Reducción de la eficiencia catalítica de la Ferredoxin-NADP(H) reductase de arveja mediante la incorporación de un sitio metálico artificial

CATALANO DUPUY, DANIELA L.; ORECCHIA, MARTÍN; RIAL, DANIELA V; CECCARELLI, EDUARDO A

San Nicolás, Buenos Aires

Workshop; 1º Workshop de Metaloproteínas Artificiales y Complejos de Coordinación Biomiméticos; 2006

Red de bioinorgánica

Las ferredoxina-NADP+ reductasas constituyen una familia de proteínas hidrofílicas monoméricas que contienen FAD no covalentemente unido como grupo prostético. Estas enzimas catalizan la transferencia de electrones reversible entre el NADP(H) y la proteína de Fe-S  ferredoxina (Fd) o la flavodoxina (Fld), la cual contiene FMN. La FNR de cloroplastos consiste de dos dominios estructurales, de aproximadamente 150 aminoácidos cada uno: el dominio que une FAD (N-terminal) y el dominio que une NADP+ (C-terminal). La participación de diferentes aminoácidos en la estructura y función de la enzima ha sido estudiada mediante la introducción de diferentes mutaciones y deleciones. En la FNR de arveja el FAD, responsable de la transferencia electrónica durante la catálisis, se encuentra interaccionando con tres tirosinas altamente conservadas (Y89, Y114 e Y308).
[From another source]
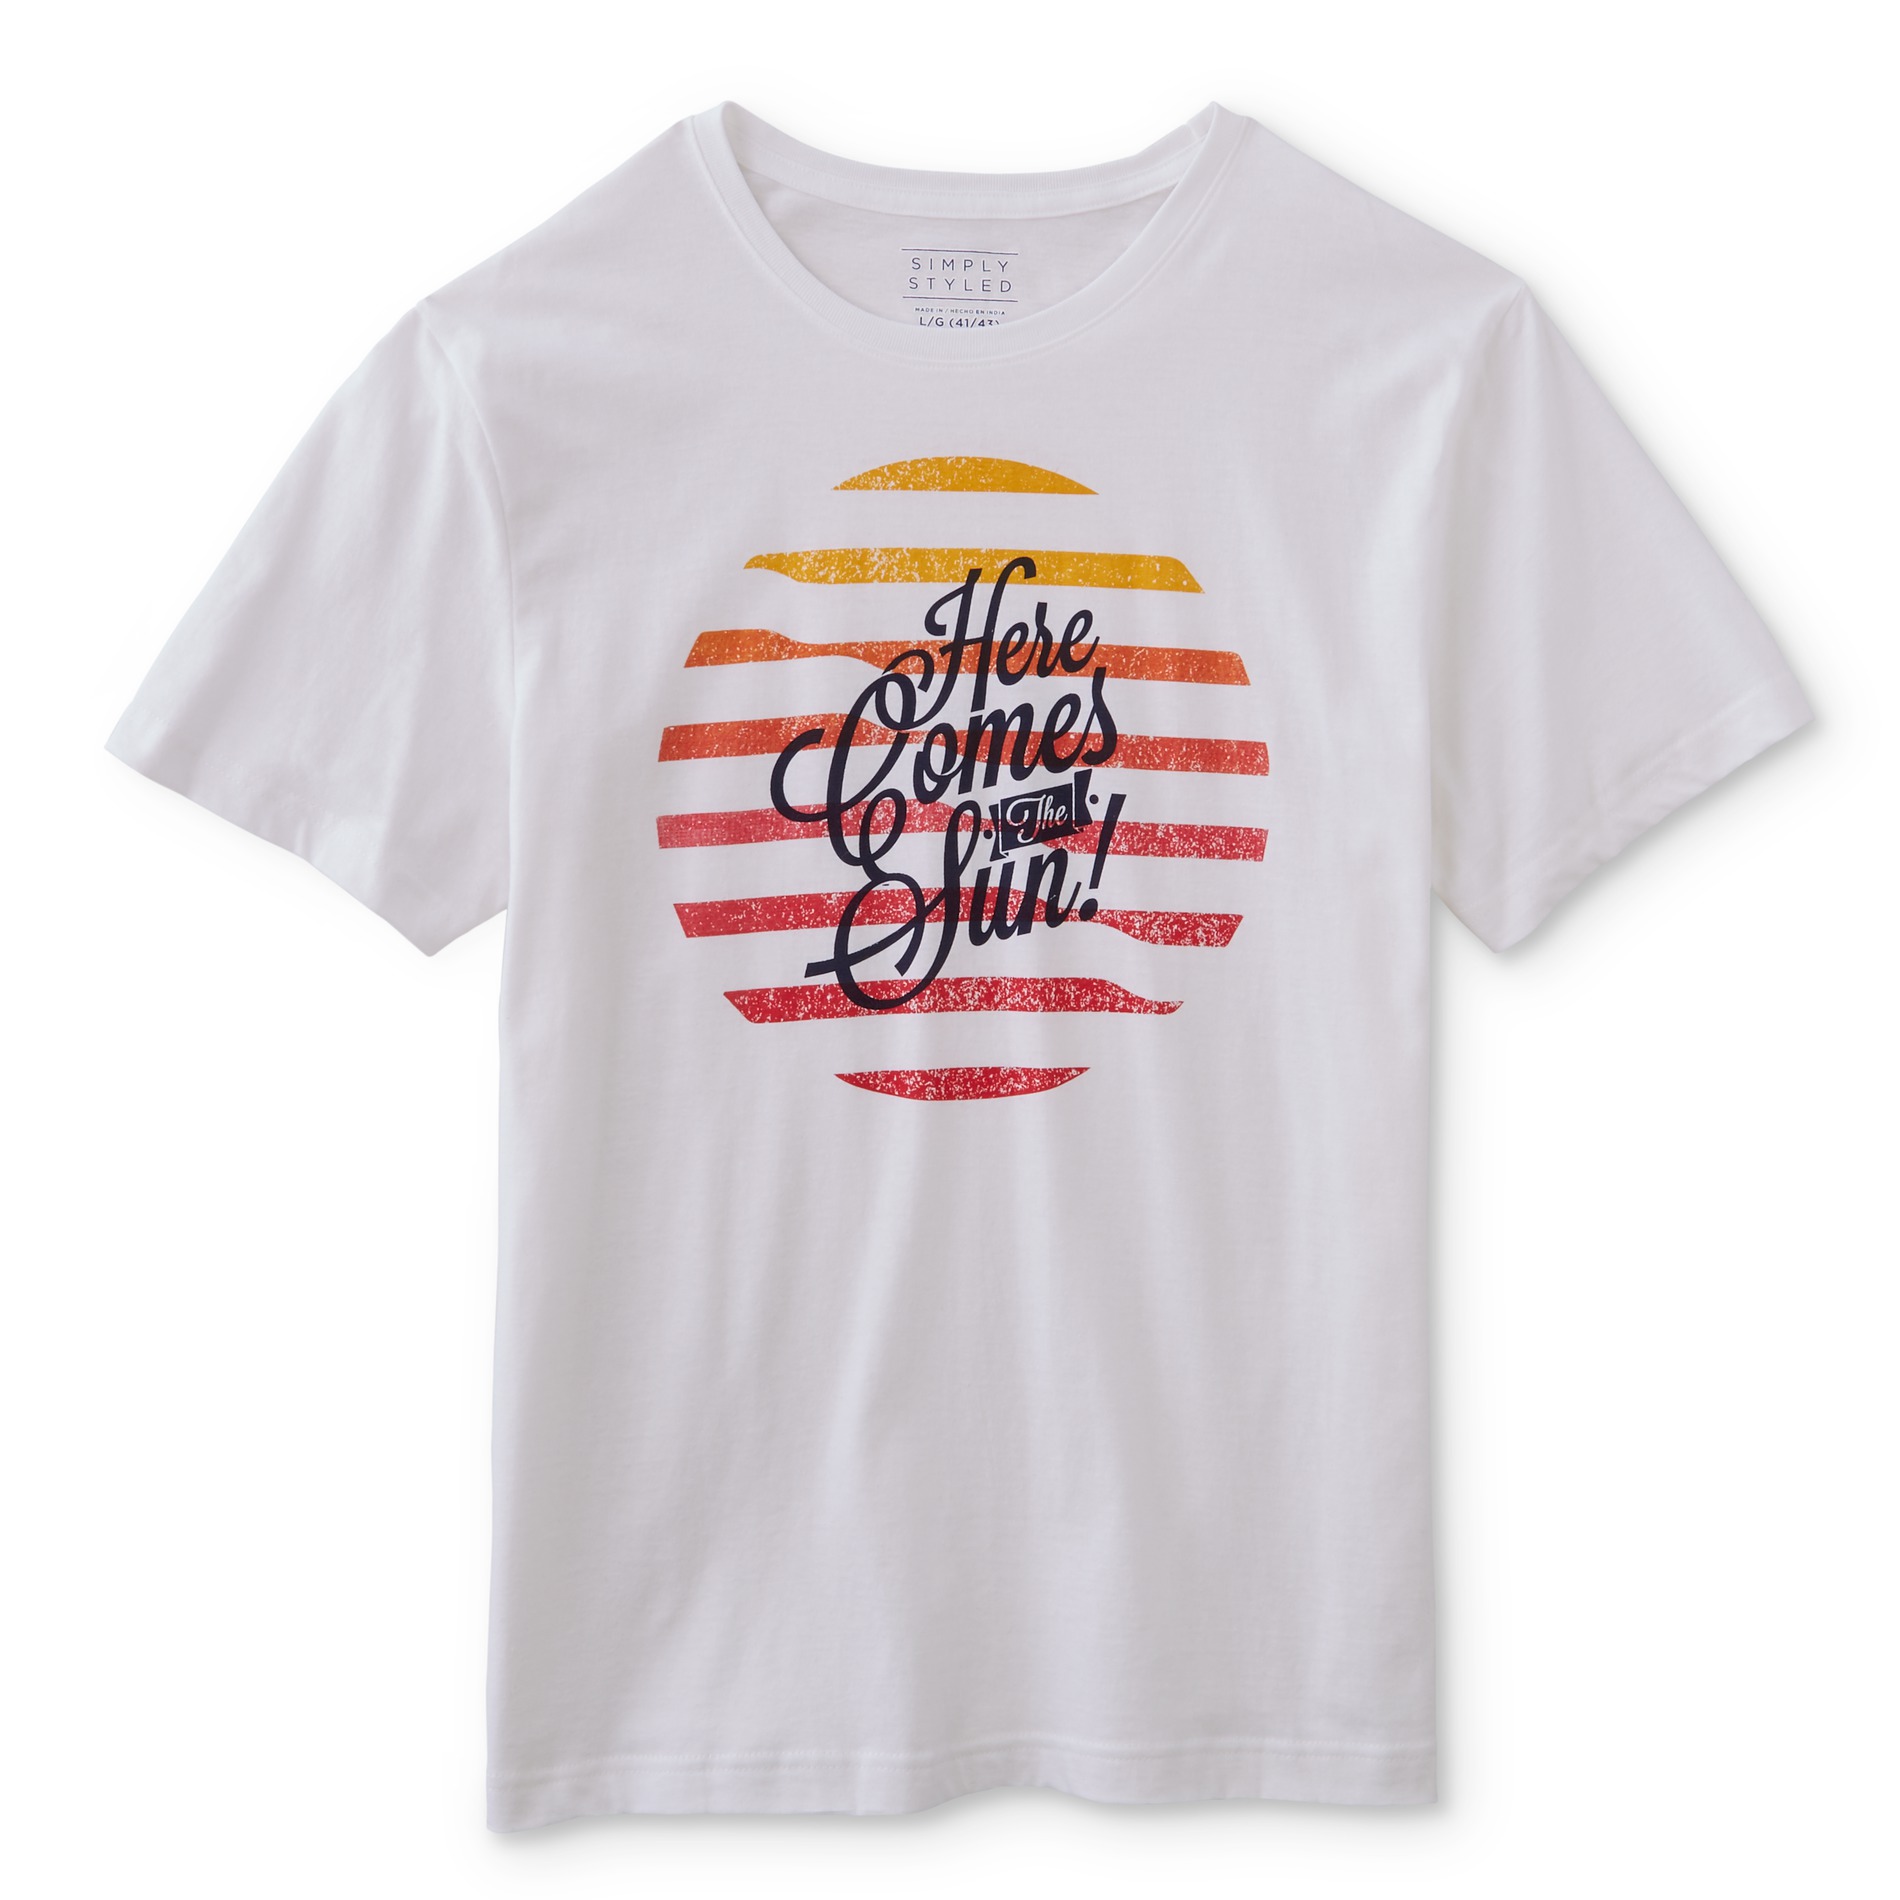 Simply Styled Men's Graphic T-Shirt-Here Comes the Sun

La Tyr308 se encuentra enfrentando la cara re de la isoaloxacina, impidiendo su exposición con el exterior. La nicotinamida del NADP(H) desplazaría a la Tyr308 al fijarse a la enzima. Aunque existen evidencias al respecto, no existe una demostración experimental directa de este movimiento. Este particular mecanismo estaría involucrado en la generación de una enzima catalíticamente eficiente, aumentando la Km de la enzima para el NADP(H). Con el  fin de encontrar una evidencia experimental directa de este movimiento propuesto, se construyó una FNR recombinante en la cual el aminoácido carboxilo terminal (Tyr308) está seguido por un sitio metálico artificial compuesto de 9 aminoácidos entre los que se incluyen 4 residuos de histidina. Esta estructura adicionada es capaz de unir Zn2+ o Co2+ a bajas concentraciones, y como consecuencia, reduce fuertemente la eficiencia catalítica de la enzima. La afinidad de la enzima por NADP+ y la Km no fueron afectadas significativamente por el agregado de esta  extensión de aminoácidos tanto en ausencia como en presebcia de Zn2+. Los resultados obtenidos sugieren que la movilidad de la región carboxilo terminal de la FNR y principalmente la Tyr308, son esenciales para obtener una enzima altamente eficiente.